Выбрать главу

— Она… Она ушла на базар. Просто… Просто у меня тут ишак…

У Мусы аж остатки волос зашевелились на черепе.

— Ишак? — Удивился Муса.

Мусе показалось, что за дверью зашептались. Он услышал едва различимые странные слова, начинающиеся на «б» и «х». Впрочем… Возможно, ему это только показалось. Ситуация была настолько странной, что Муса не мог с уверенностью сказать, что он действительно что-то слышал.

— Да… Ишак… — Отозвался Муаммар. — Он… Он все ломает у меня на кухне… Отсюда и шум…

Муса недоуменно нахмурился.

— Ишак у вас на кухне?

— Да… Ишак.

— А… А зачем вы пустили ишака в дом?

— Он… Он заболел.

— Что?..

— Он мерзнет по ночам в хлеву. Потому пришлось запустить его в дом. Все хорошо, уважаемый Муса. Идите-идите.

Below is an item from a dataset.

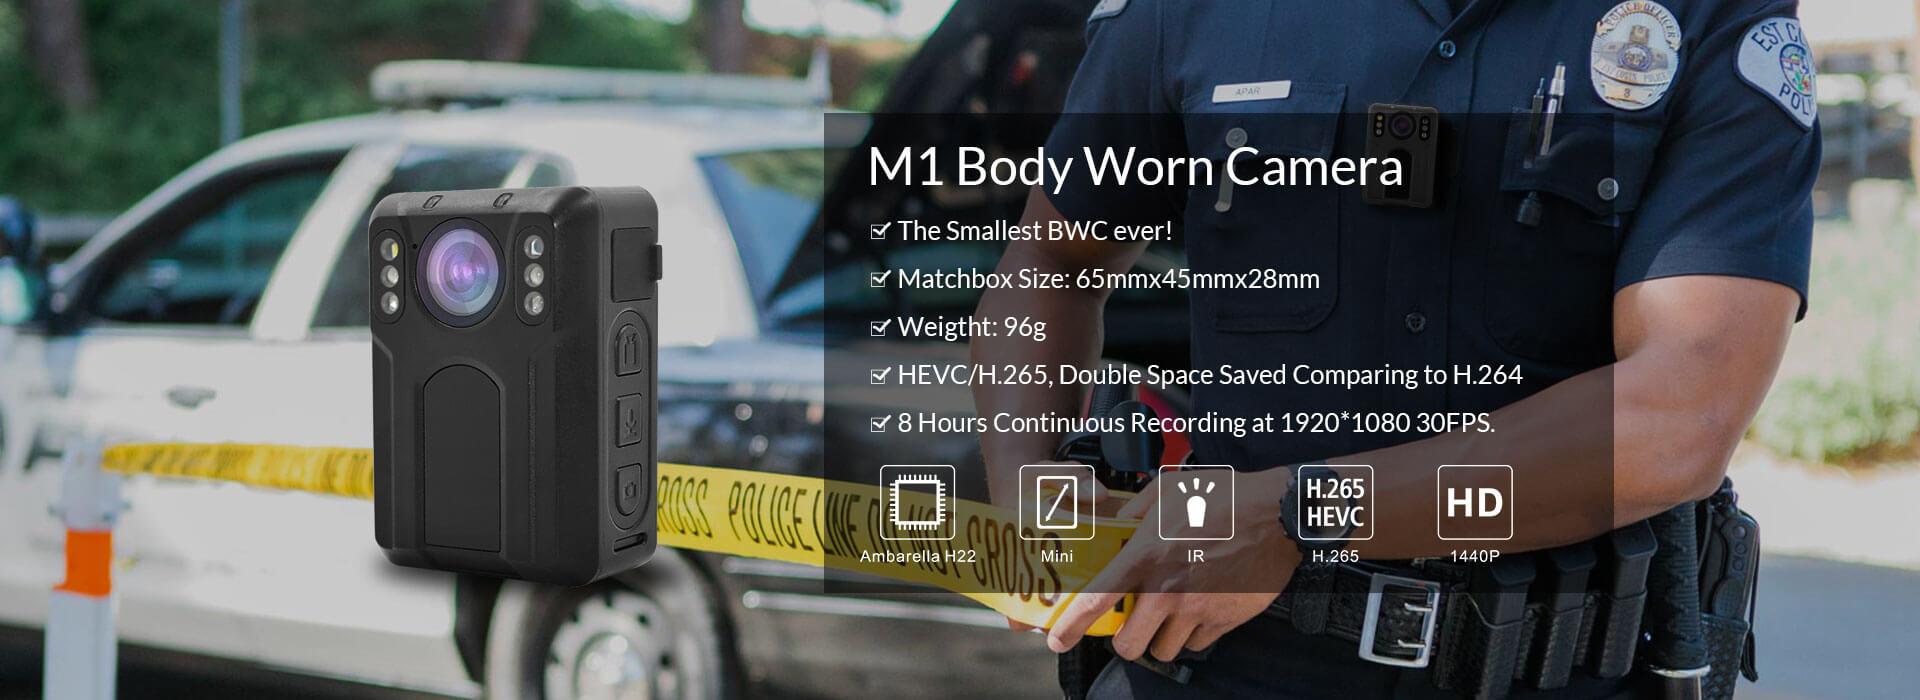 M1 Body Worn Camera

С ишаком я разберусь сам.

Муса нахмурился.

— Ну… Если вы настаиваете…

— Да-да! Очень настаиваю!

Муса пожал плечами.

— Ну тогда… Тогда я пойду, многоуважаемый Муаммар. Да хранит Аллах вас и вашу семью. И доброго вам здоровья.

Муаммар ничего не ответил Мусе. Тогда торговец снова пожал плечами и торопливо пошел на выход со двора. Не успел он переступить порог калитки, как за домом, в сарае, заорал ишак.

Муса замер. Удивленно обернулся. Потом кратко обратился к Всевышнему, чтобы Тот послал ему душевного здоровья, и направился домой.

* * *

— Ишак? — Нахмурился я. — Вы не придумали ничего лучше ишака?

— Да слова перепутал… — Сказал Муха и выматерился, — я ж краткий курс языков прошел…

— Ну… Хоть выкрутились, — сказал Волков.

Мы все, сидя на полу возле лежащего там душмана, притихли. Еще немного послушали обстановку снаружи. Потом я сказал:

— Так, хорошо. Вроде он ушел, — дальше обратился к Волкову: — Дима, тащи форму. Сейчас будем переодевать нашего пациента…

Волков вздохнул и встал.

— Не нравится мне все это… — Посетовал он. — Ой как не нравится…

Глава 13

Солнце стояло низко.

Дневная жара спала, но духота, которая каждым летом была вечным спутником всего живого в этих местах, даже и не собиралась никуда деваться.

Пусть к вечеру жизнь в кишлаке немного затормаживала свой бег, мы все равно встречали на себе любопытные взгляды местных жителей.

Все потому, что мы вели душмана, переодетого в советскую форму. Лицо его Волков замотал марлевым бинтом, а ему на голову я нацепил свою панаму.

Видок у языка был тот еще — замотанный по самые брови, словно мумия, в форме, что была явно ему велика, дух представлял собой печальное и одновременно забавное зрелище.

Делая вид, что «советский солдат» ранен, мы с Мухой тащили его, поднырнув душману под руки. При этом я постоянно держал его на мушке — давил стволом нагана в спину.

Чтобы вид оружия не вызывал у местных жителей тревоги, я реквизировал у Волкова китель, который накинул на вооруженную руку, делая вид, будто просто несу одежду с собой.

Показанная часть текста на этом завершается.